DAF AI Test and Operations chief Col. Tucker Hamilton said “The mission proved out a multi-layer safety framework on an AI/ML-flown uncrewed aircraft and demonstrated an AI/ML agent solving a tactically relevant “challenge problem” during airborne operations,”, and added that “This sortie officially enables the ability to develop AI/ML agents that will execute modern air-to-air and air-to-surface skills that are immediately transferrable to other autonomy programs.”

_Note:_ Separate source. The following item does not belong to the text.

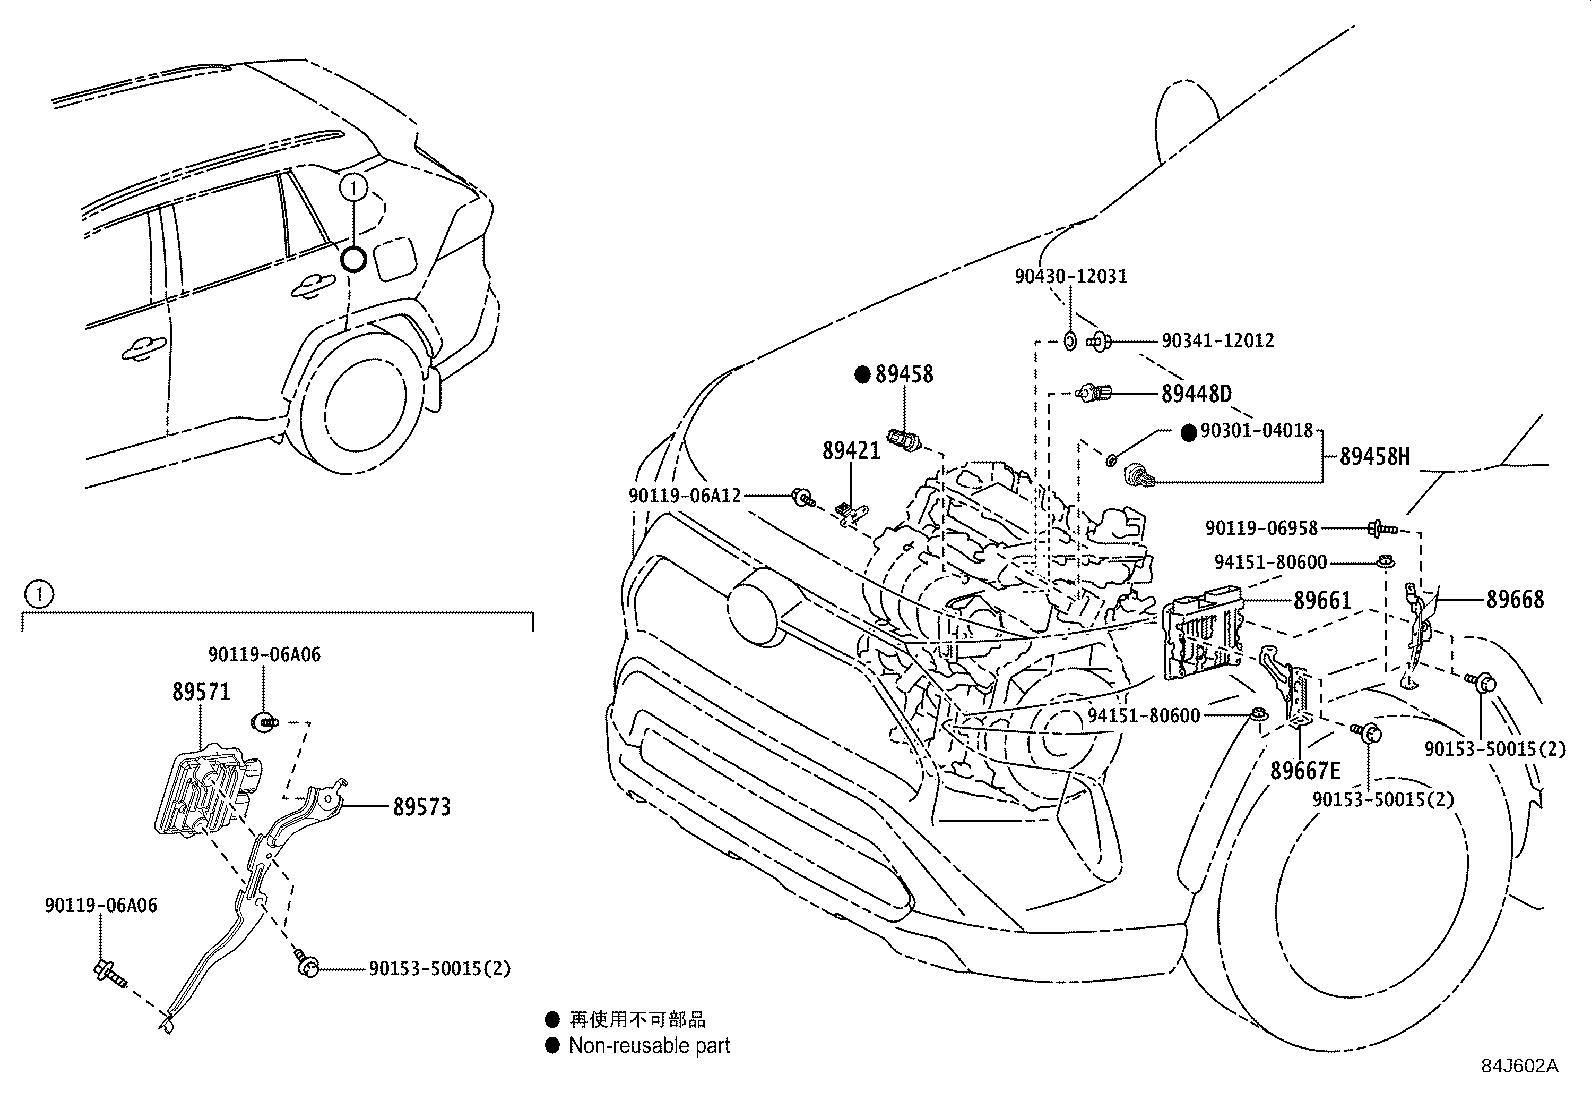 Toyota RAV4 Computer, engine control. Electrical, denso

The algorithms were developed by the Autonomous Air Combat Operations (AACO) team of the AFRL and matured as a result of millions of hours of high-fidelity simulation events and sorties on the X-62 VISTA, as well as hardware-in-the-loop events with the XQ-58A and ground test operations. AACO Program Manager, Dr. Terry Wilson, said that “AACO has taken a multi-pronged approach to uncrewed flight testing of machine learning Artificial Intelligence and has met operational experimentation objectives by using a combination of High-performance computing, modeling and simulation, and hardware in the loop testing to train an AI agent to safely fly the XQ-58 uncrewed aircraft,”
The Department of Defense (DOD) is committed to the responsible employment of AI, which requires collaboration between developers and users with acquisition specialists. AFRL commander Brig. Gen. Scott Cain, said “AI will be a critical element to future warfighting and the speed at which we’re going to have to understand the operational picture and make decisions,”, adding that “AI, Autonomous Operations, and Human-Machine Teaming continue to evolve at an unprecedented pace and we need the coordinated efforts of our government, academia, and industry partners to keep pace.”